From: Asmus Freytag (
Date: Thu Jul 01 2010 - 16:49:07 CDT

  • Next message: Tulasi: "Re: Indian Rupee Sign to be chosen today"

    On 7/1/2010 11:29 AM, John Burger wrote:
    > Andreas Prilop wrote:
    >>> The problem with slavishly following the charset parameter is
    >>> that it is often incorrect.
    >> I wonder how you could draw such a conclusion. In order to make
    >> such a statement, there must be some other (god-given?) parameter,
    >> which is the "real charset".
    > If you have never encountered a web page in which the charset
    > parameter encoded in the page (or in the HTTP headers) did not
    > accurately reflect the "real charset", as indicated by the actual data
    > in the page, then your experience differs sharply from mine, and from
    > everyone else I have ever met.
    Let's unravel this.

    First, there's qualitative vs. quantitative arguments. Yes, mis-tagging
    occurs (for all the reasons Shawn gave in his reply). But Andreas' point
    was that for languages needing more than ASCII, there's a nice
    corrective. If many (most) viewers now base their display on charset,
    then more documents would be expected to be correctly tagged for those
    types of text, because they tend to degrade dramatically otherwise and
    users (authors) would take action to correct the situation. The example
    of this is reading a text as 8859-1 when it is 8859-2 (Eastern European)

    This is different from the issue the issue of selecting the correct
    charset, if it only affects some special symbols (copyright, punctuation
    marks, the euro sign).
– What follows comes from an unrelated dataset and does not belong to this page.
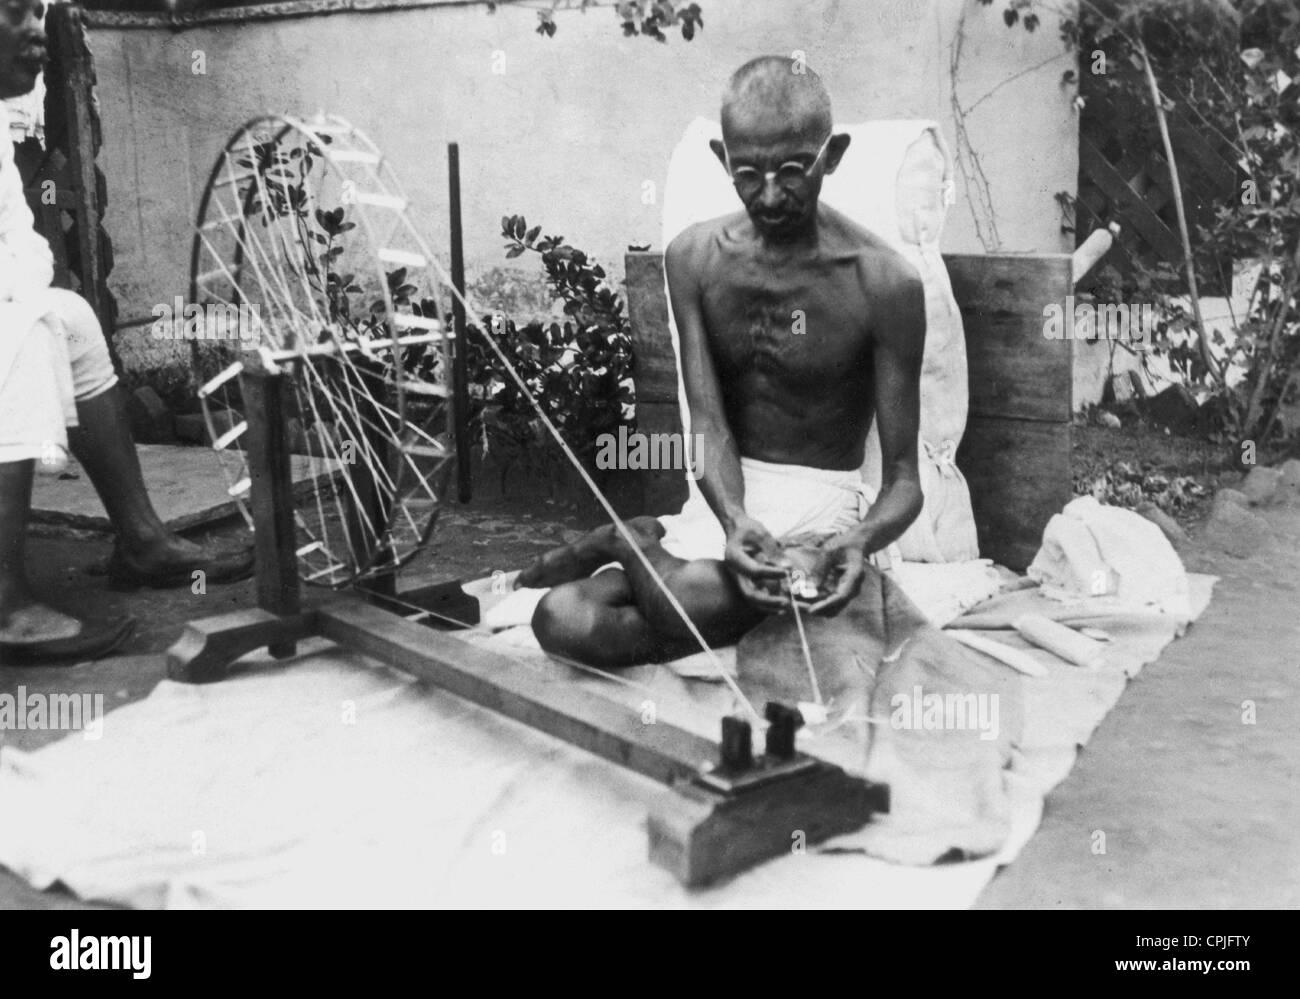 Gandhi using a Spinning Wheel (b/w photo) - Stock Image

In these cases, the text degrades in much more
    subtle ways, and usually remains readable. I would expect that the
    incidence of mis-tagging in such a situation is larger. The example for
    this is reading a text as 8859-1 when it was 1252 (Windows code page
    with extra characters not in ISO 8859-1 - Shawn mentioned this case as

    If I were to design a charset-verifier, I would distinguish between
    these two cases. If something came tagged with a region-specific
    charset, I would honor that, unless I found strong evidence of the "this
    can't be right" nature. In some cases, to collect such evidence would
    require significant statistics. The rule here should be "do no harm",
    that is, destroying a document by incorrectly changing a true charset
    should receive a nuch higher penalty than failing to detect a broken
    charset. (That way, you don't penalize people who live by the rules :).

    When it comes to a document tagged with 8859-1, I might relax this
    slightly, as that tag is one of the common default tags and is more
    likely to have been applied blindly.

    When it comes to deciding whether something is Windows code page or a
    true ISO charset, the bar can be set lower - one is a superset of the
    other usually, and detecting any characters in the superset should
    trigger a reassignment. Unlike the other case, the "penalties" for
    getting this wrong are much less severe.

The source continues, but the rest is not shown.